Welcome to the beginning of our next 8-week seasonal writing challenge! Join us for bite-sized prompts and self-reflection.
Spring has sprung (despite the layer of frost on the ground this morning), and so we have a new season of food writing prompts. (You can check out the winter prompts here.)
Over the next eight weeks, paid subscribers will receive a weekly writing prompt that will help you to deepen your relationship with food and eating. Think of it like a process of self-discovery in bite-sized chunks. Take the challenge and give yourself the gift of writing from them every week!
Throughout my life, whenever things have been hard or confusing or full of grief, I often turn to writing as a way to understand and process my feelings. It is such a wonderful practice. Writing about food is a particularly useful way to access our internal world because we have a lot of experiences with food. As a result, the parts of our brains that process memory and emotions are directly linked to the parts of our brains that register food sensory experiences such as taste and smell.
If you would like access to these food writing prompts, or to support Feed Me Figs in general, you can upgrade to a paid subscription here.
If you don’t want to commit to a full year subscription, you can pay monthly for the price of two coffees.

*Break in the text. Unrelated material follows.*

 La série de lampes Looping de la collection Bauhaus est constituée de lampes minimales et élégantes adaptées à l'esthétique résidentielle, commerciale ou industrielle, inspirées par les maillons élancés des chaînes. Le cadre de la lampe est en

Also, no one will be turned away for lack of funds. If you think you would benefit from these prompts but can’t afford them at this time, email me at ginarae@substack.com, and I will gift you a subscription.
This week, the prompts will explore the idea of nourishment.

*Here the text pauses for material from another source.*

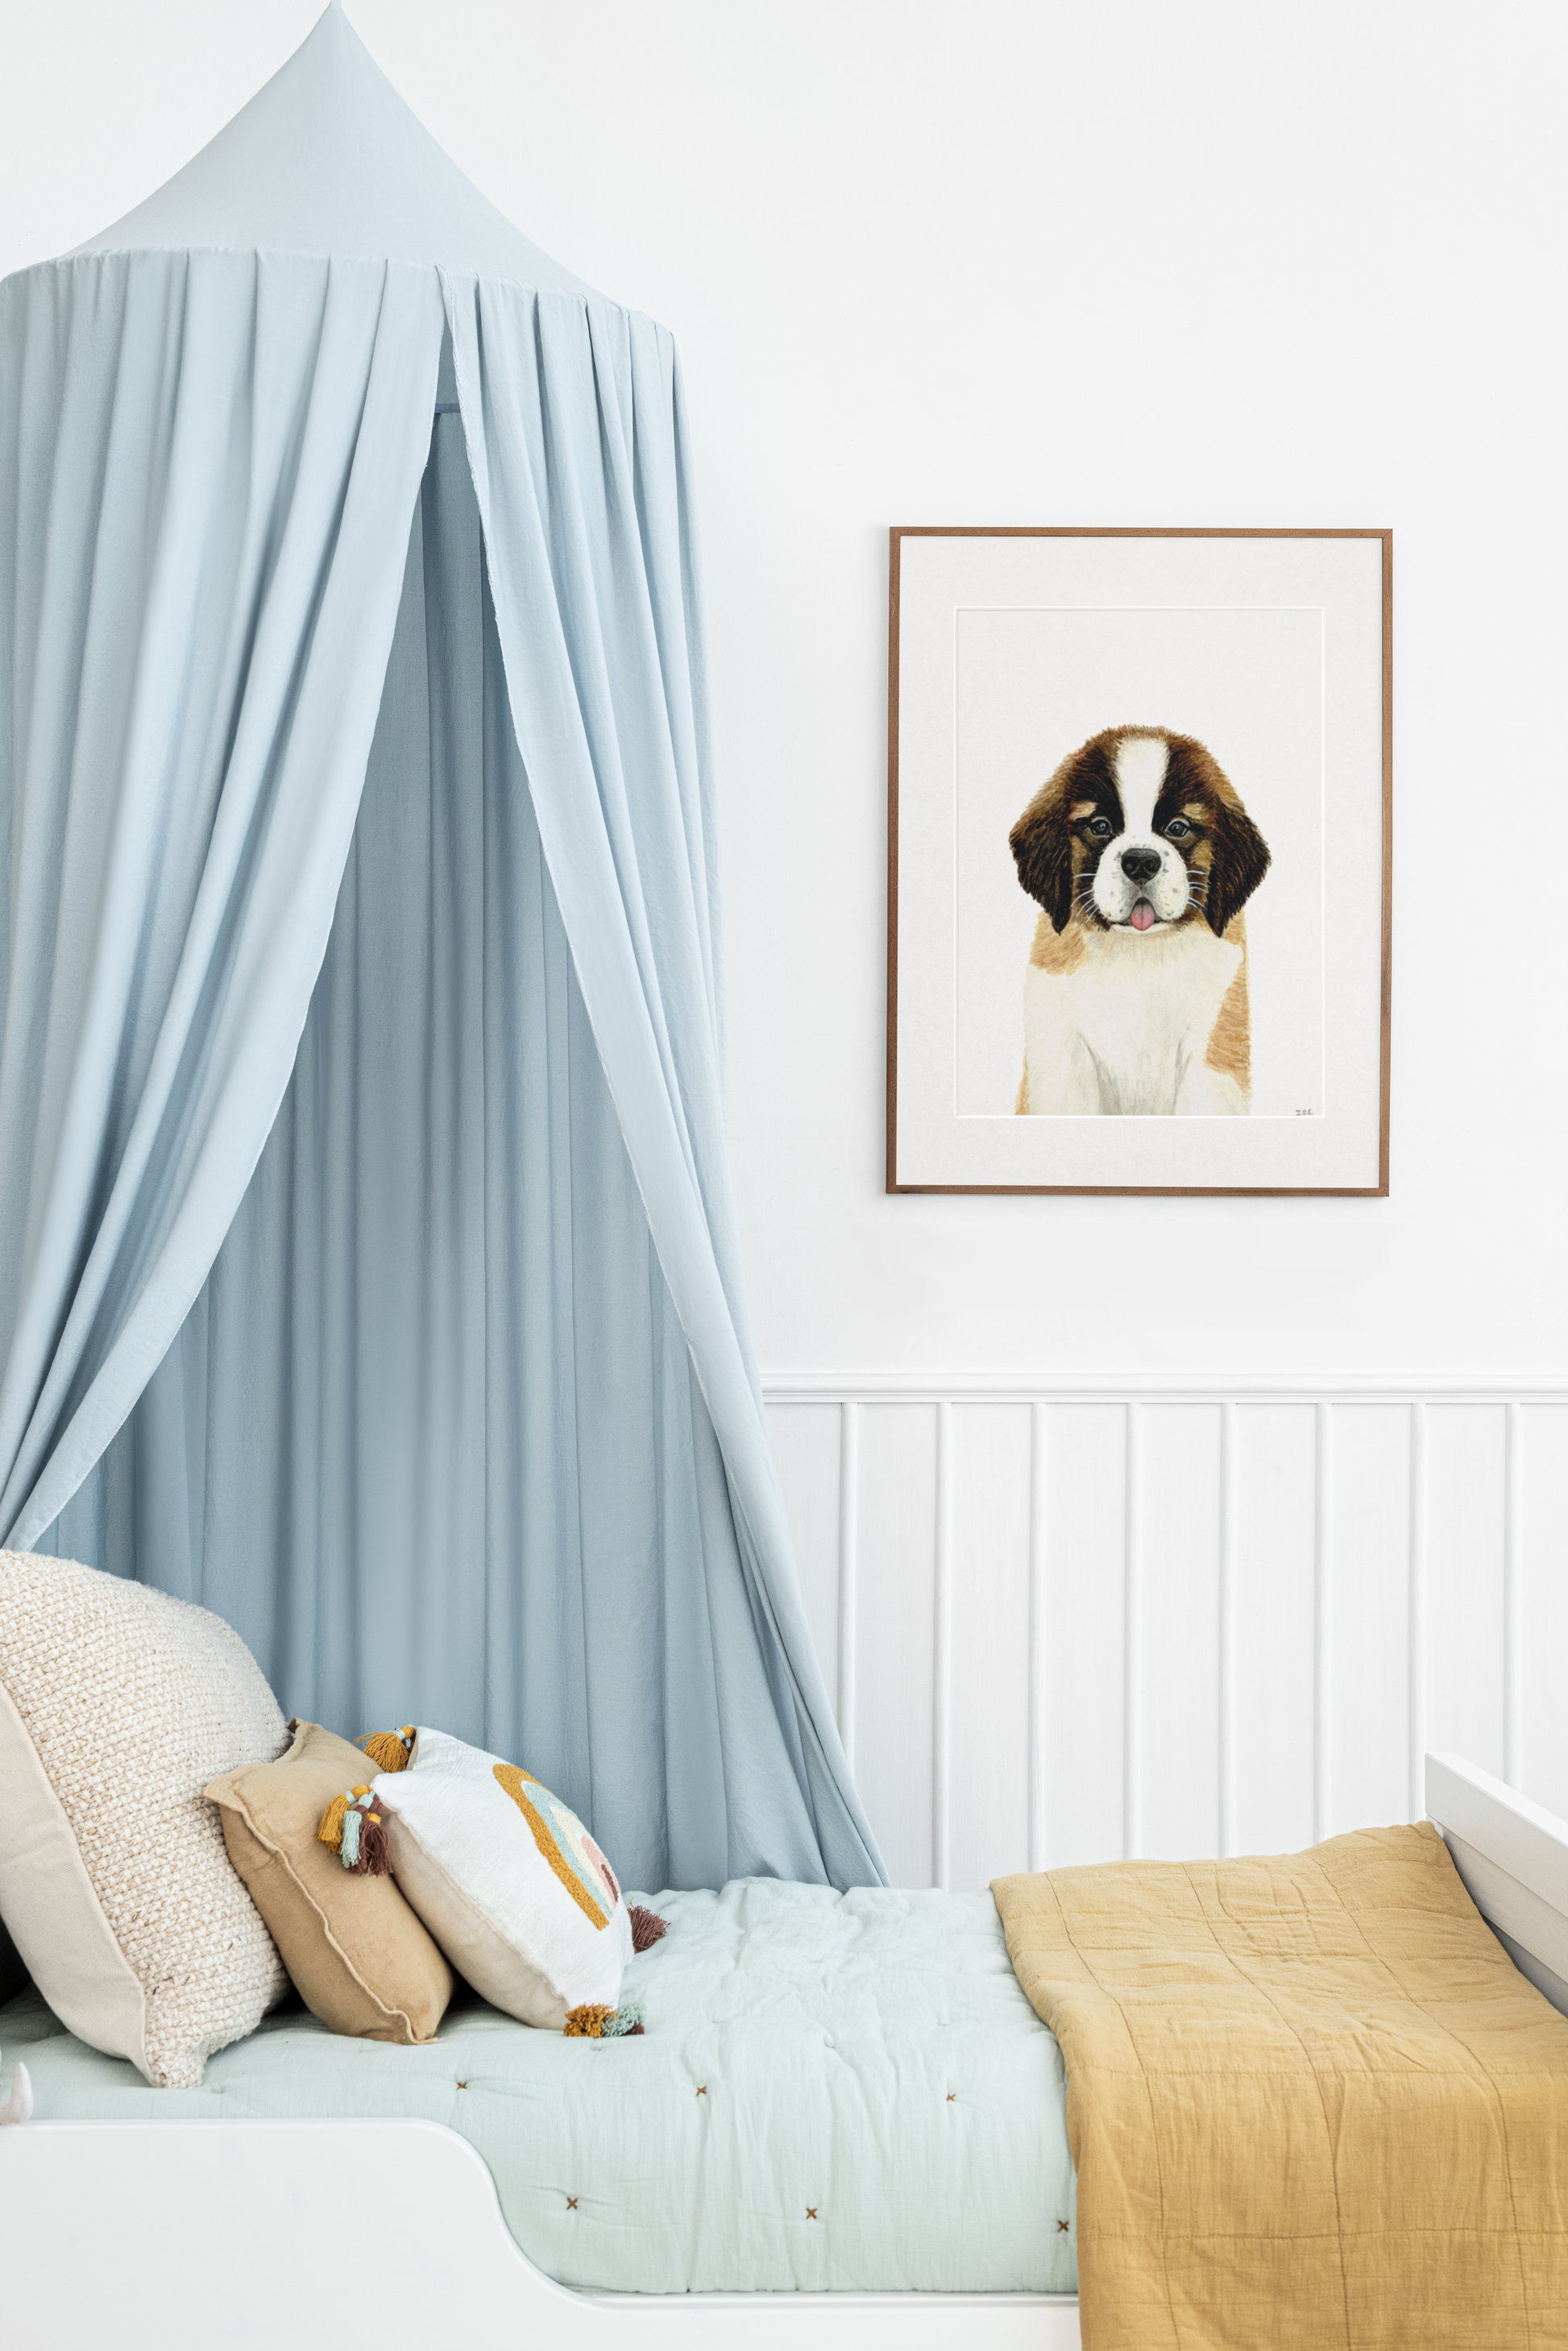 Saint Bernard dog framed and hung above childs bed

It seems like this word is everywhere now. Nourishing foods, nourishing workouts, nourishing hair conditioners, nourishing zoom calls!

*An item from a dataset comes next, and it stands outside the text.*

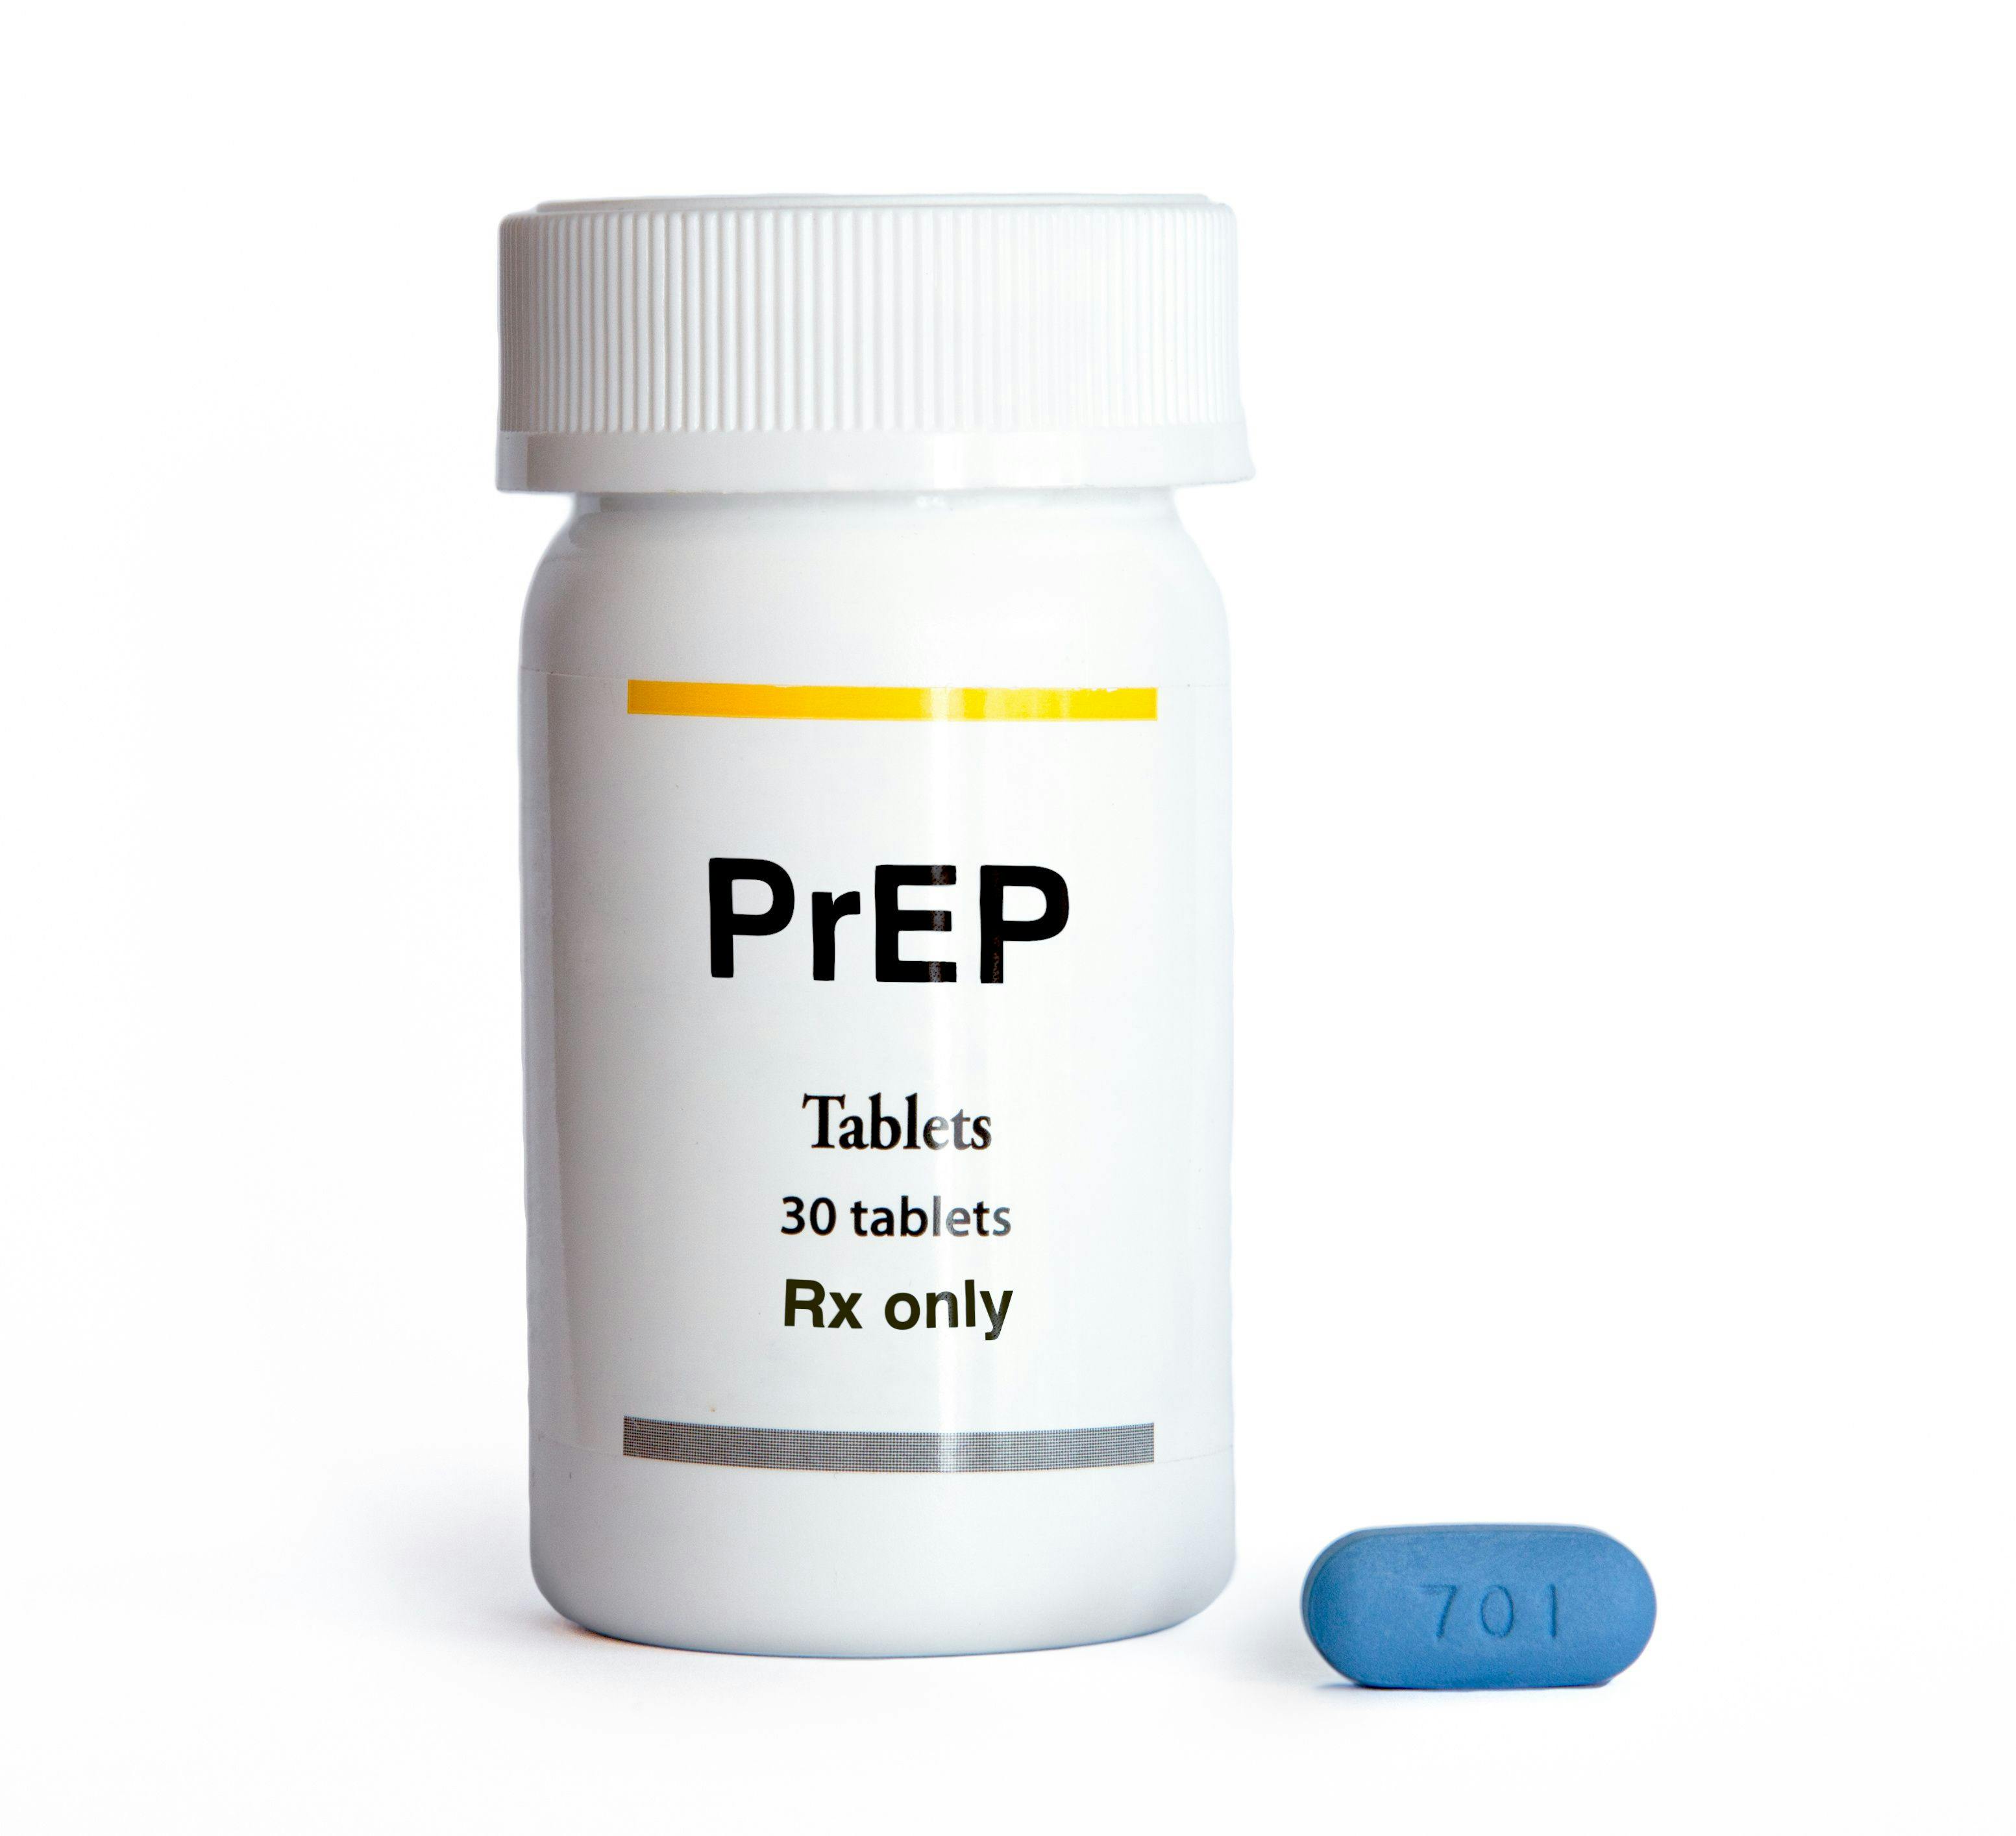 Pre-exposure prophylaxis | Image credit: ulricgiezendanner - stock.adobe.com

The earliest known use of the noun nourishment is in the Middle English period (1150—1500). Looking on Google trends, it seems the word nourishing really took off between June 20, 2021—March 12, 2023 before settling back to its normal baseline. I wonder what happened then? Perhaps we were all looking for ways to nourish ourselves during COVID lockdowns. If we map it by subregion, it turns out New York state is really into being nourished.
Sometimes nourishment isn’t about what we are eating, but the context. A quiche dropped off by a friend, a morning coffee in a mug made by another friend, a picnic with loved ones on a warm afternoon. We feel a sense of nourishment when we are taken care of by others. And indeed, the words nurture and nurse are based on the same root, the Latin verb nūtrīre, meaning “to feed” or “to care for.”